Le Centre européen pour les droits constitutionnels et humains (ECCHR) et Sea-Watch ont demandé que les deux hommes fassent l’objet d’une enquête sur leur responsabilité pénale individuelle dans le refoulement des migrants irréguliers vers la Libye et sur les conséquences de ces actions.

« Le système actuel de soutien de l’UE aux capacités et aux opérations des soi-disant garde-côtes libyens le long de la route de la Méditerranée centrale ne sauve la vie de personne. Les preuves fournies dans la communication suggèrent que ces opérations peuvent s’apparenter à de graves privations de liberté relevant de crimes contre l’humanité », déclare Andreas Schueller, directeur de programme pour les crimes internationaux et la responsabilité au ECCHR.

Il ajoute que le traitement inhumain et les conditions de détention des migrants et des réfugiés en Libye sont bien connus depuis de nombreuses années et que le pays n’est pas un endroit sûr. « En vertu du droit maritime international, les personnes secourues en mer doivent être débarquées dans un lieu sûr. Personne ne devrait être renvoyé en Libye après avoir été secouru en mer. »

Sont également accusés les anciens ministres de l’Intérieur italiens, Marco Minniti et Matteo Salvini, l’ancienne haute représentante de l’Union pour les Affaires étrangères et la Politique de sécurité, Federica Mogherini, l’ancien directeur exécutif de Frontex, Fabrice Leggeri, ainsi que des membres des centres de coordination des secours italiens et maltais et des responsables de l’opération EUNAV FOR MED et du Service européen d’action extérieure (SEAE).

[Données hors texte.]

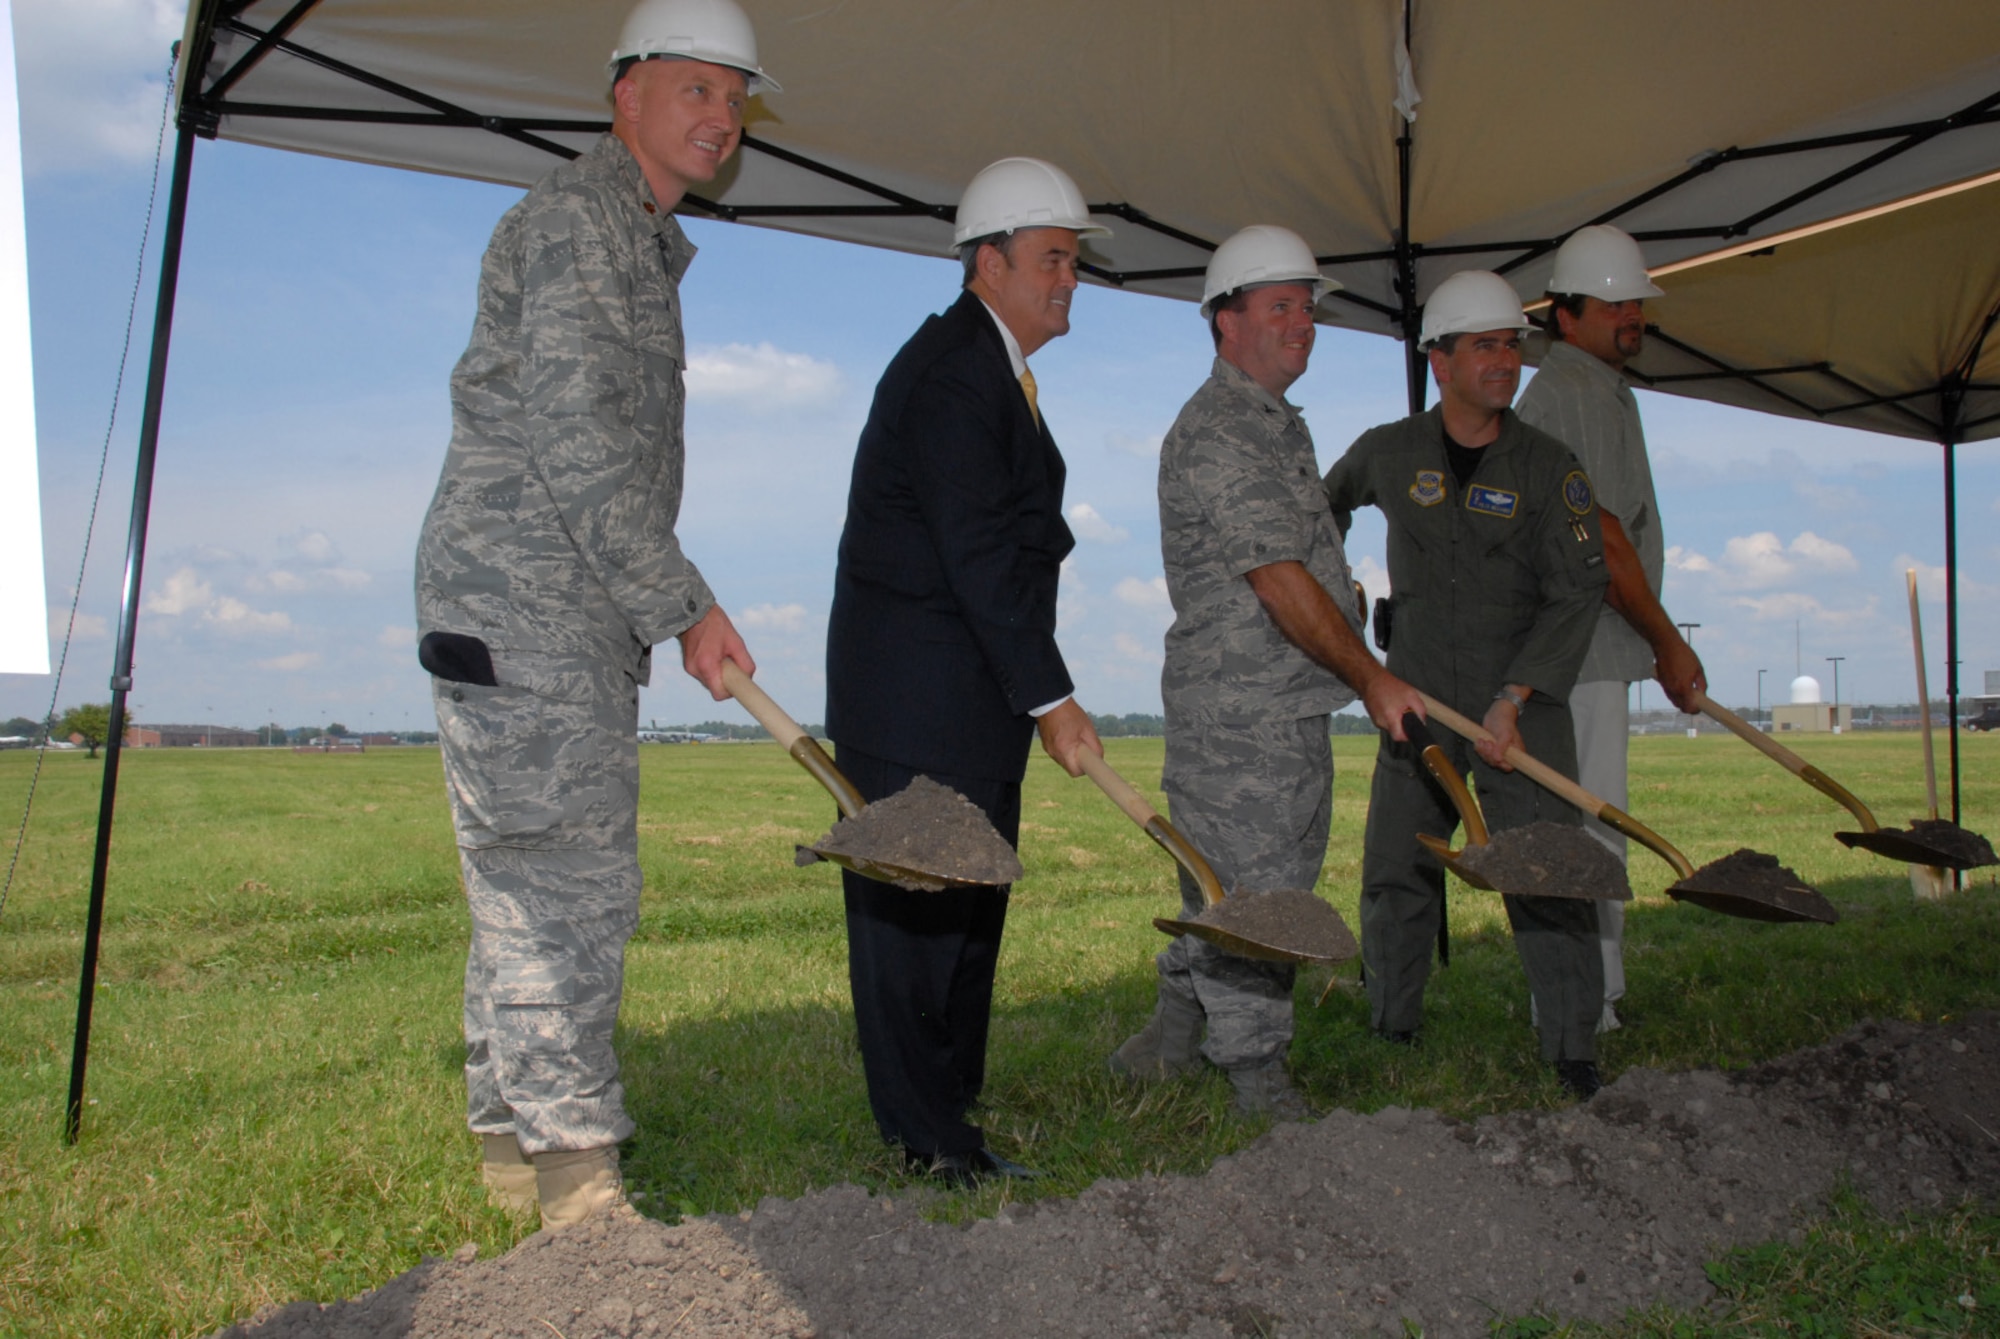 SCOTT AIR FORCE BASE, Ill. - (L - R) Maj. Robert Rossi, commander of the 375th Security Forces Squadron, the Honorable Jerry F. Costello, U.S. Congressman for Illinois 12th District, Col. Alan Hunt, 375th Airlift Wing commander, Col. Peter Nezamis, commander of the 126th Air Refueling Wing, and a representative from Scott Alliance Joint Venture, Inc. break ground for the new Security Forces Operations Facility.  The state of the art building will provide work and training areas for active duty personnel from the 375th Airlift Wing and Illinois Air National Guardsmen from the 126th Air Refueling Wing. (U.S. Air Force photo by Master Sgt. Ken Stephens)

L’UE et les États membres ont apporté un soutien financier et logistique important aux garde-côtes libyens depuis 2016. Le problème, c’est que les témoignages en provenance de Libye de la part des migrants font état, de manière évidente, de tortures, de meurtres, d’agressions, de viols, d’extorsions, de détentions arbitraires et d’autres types de mauvais traitements.

« La communication se fonde sur des preuves directes obtenues par Sea-Watch et d’autres organisations de sauvetage en mer et de la société civile, ainsi que par des journalistes d’investigation, et analyse 12 incidents de privation de liberté en mer, en soulignant la responsabilité individuelle des auteurs de haut rang », précisent les organisations.

En dépit de leur connaissance des crimes et des conditions de vie en Libye, les responsables cités, ainsi que les agences de l’UE, ont « renforcé leur collaboration avec la Libye pour empêcher les réfugiés et les migrants de fuir la Libye par la mer. »

Les groupes ont exigé une enquête approfondie de la CPI, l’arrêt immédiat de toute politique de l’UE ou des États membres visant à externaliser les frontières de l’UE en confinant les migrants en Libye. De telles mesures engendrent en effet des opérations de recherche et de sauvetage dirigées par des civils qui remplissent l’obligation de porter assistance et d’assurer un débarquement dans un lieu sûr.